Personalization for Gas Utilities: Without the IT Headache

By Crystal Leaver on

This post was originally published on EnergySavvy’s website. EnergySavvy is now Uplight.

The world is changing. Previously, an energy customer’s main decision might have only been between whether they use gas or electricity for power. Today, customers have many options around their energy usage–going beyond the basics with renewable energy, energy efficiency, retail choice, and more. Plus, they are increasingly relying on smart homes, thermostats and other consumer products as trusted energy advisors—a role that only a utility used to fill.

Added to this, customers are also now demanding more relevant, targeted, and personalized interactions for all their experiences, utilities included. Companies like Amazon, Netflix, Lyft and Uber have created compelling and seamless customer experiences–making this the new standard. And to make it more complex for utilities, customer needs will shift over time, as will a utility’s priorities. By applying concepts and strategies taken from personalization best practices, utilities can understand how pioneers such as Amazon, Netflix, Lyft and Uber, might approach each point in the gas utility customer journey.

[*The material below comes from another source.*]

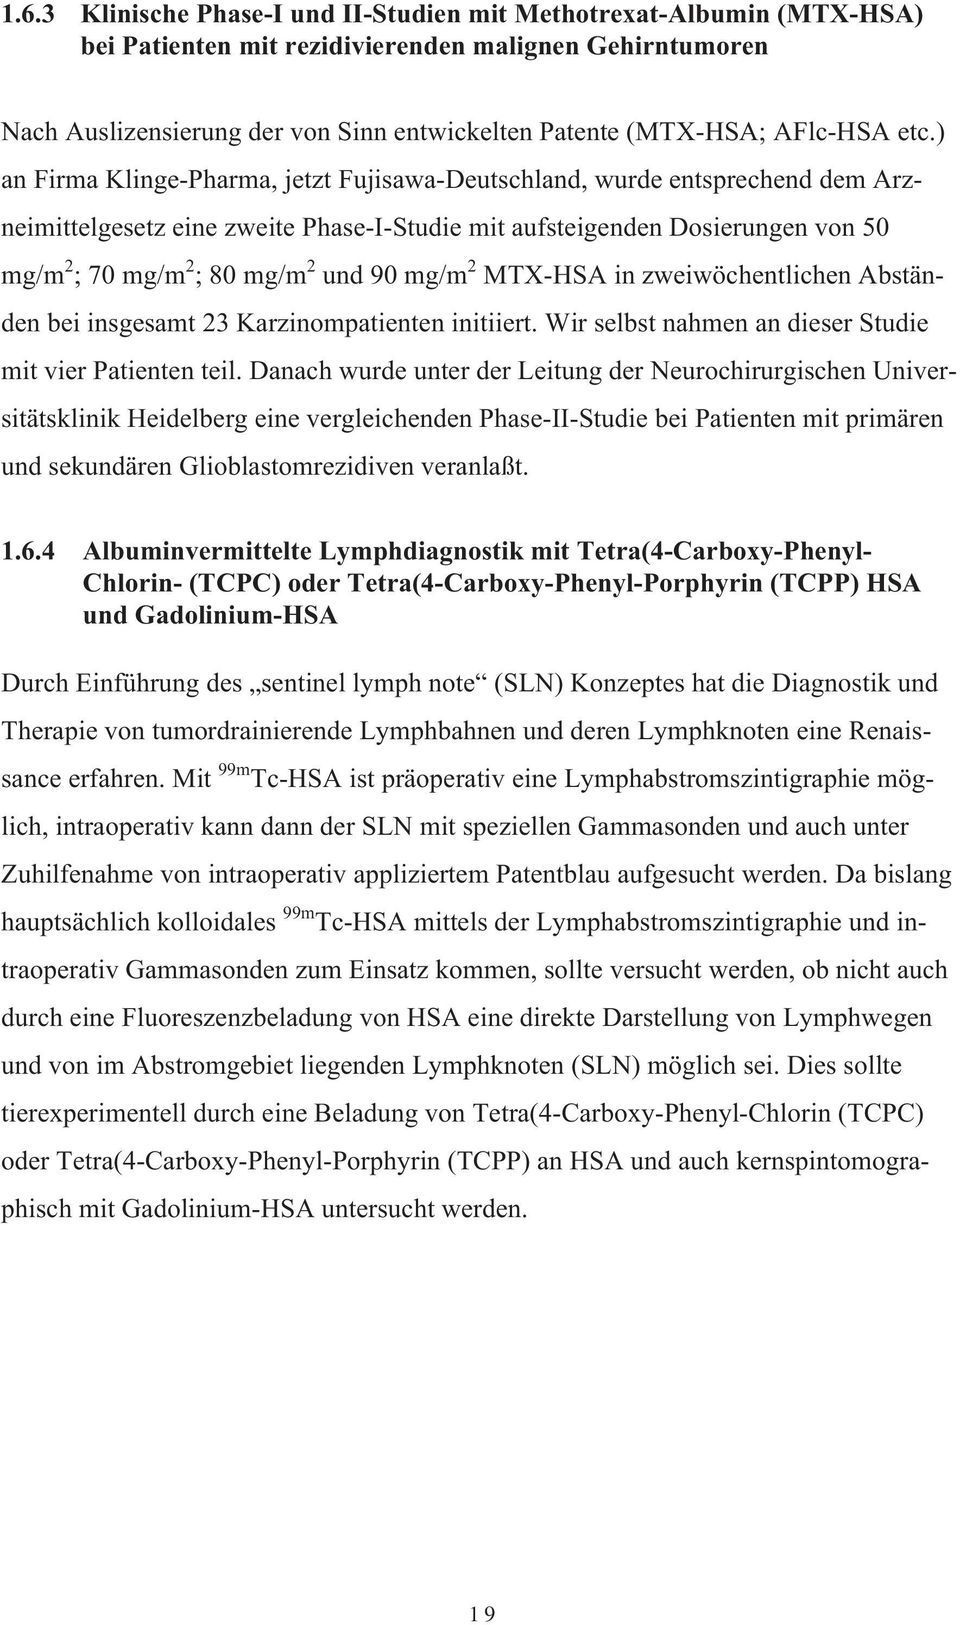 ) an Firma Klinge-Pharma, jetzt Fujisawa-Deutschland, wurde entsprechend dem Arzneimittelgesetz eine zweite Phase-I-Studie mit aufsteigenden Dosierungen von 50 mg/m 2 ; 70 mg/m 2 ; 80 mg/m 2 und 90

    • Predictive analytics like those Amazon has pioneered might flag a sudden change in a customer’s consumption of gas, allowing the utility to proactively notify both the customer and the field technician—potentially identifying a gas leak or higher-than-average bill before the customer even knows. It could also help gas utilities predict when a customer is most likely to request service turn on or turn off (better serving customers such as snowbirds).

 

    • Mirroring the best practices of ride-sharing companies, the utility could provide customers with real-time status updates on scheduled service calls in the form of text alerts, reminders, and even a real-time map indicating where service technicians are right now, and when they’ll arrive.

 

    • A utility-specific recommendation engine analyzes payment history, usage trends, and demographic characteristics to identify when a customer is likely to need high-bill inquiry assistance, mitigate risk of late payment, and when someone could benefit from financial assistance—before a customer makes their first call into the call center or misses a payment.

 

    • When providing compelling recommendations for customers, utilities inspired by Netflix could leverage cloud-based software to analyze customer accounts, current program enrollments, their energy profile, weather, and other data—presenting only the most relevant actions, programs, and rate plans to each customer. These personalized next-best actions will continue to change and improve over time as customers operate in a continuum and as a utility’s priorities shift.

Personalization has many benefits including: increased offer/program awareness and enrollment, improved customer experience and increased customer value, a reduced cost-to-serve, new sources of revenue, and higher customer satisfaction.

Fortunately, personalization for a gas utility doesn’t mean implementing a new CIS (or other big IT project). Personalization cloud technology enables utilities to start with small, achievable steps, realize quick wins, and use the savings to invest in the next phase of a longer term roadmap—seeing results right away.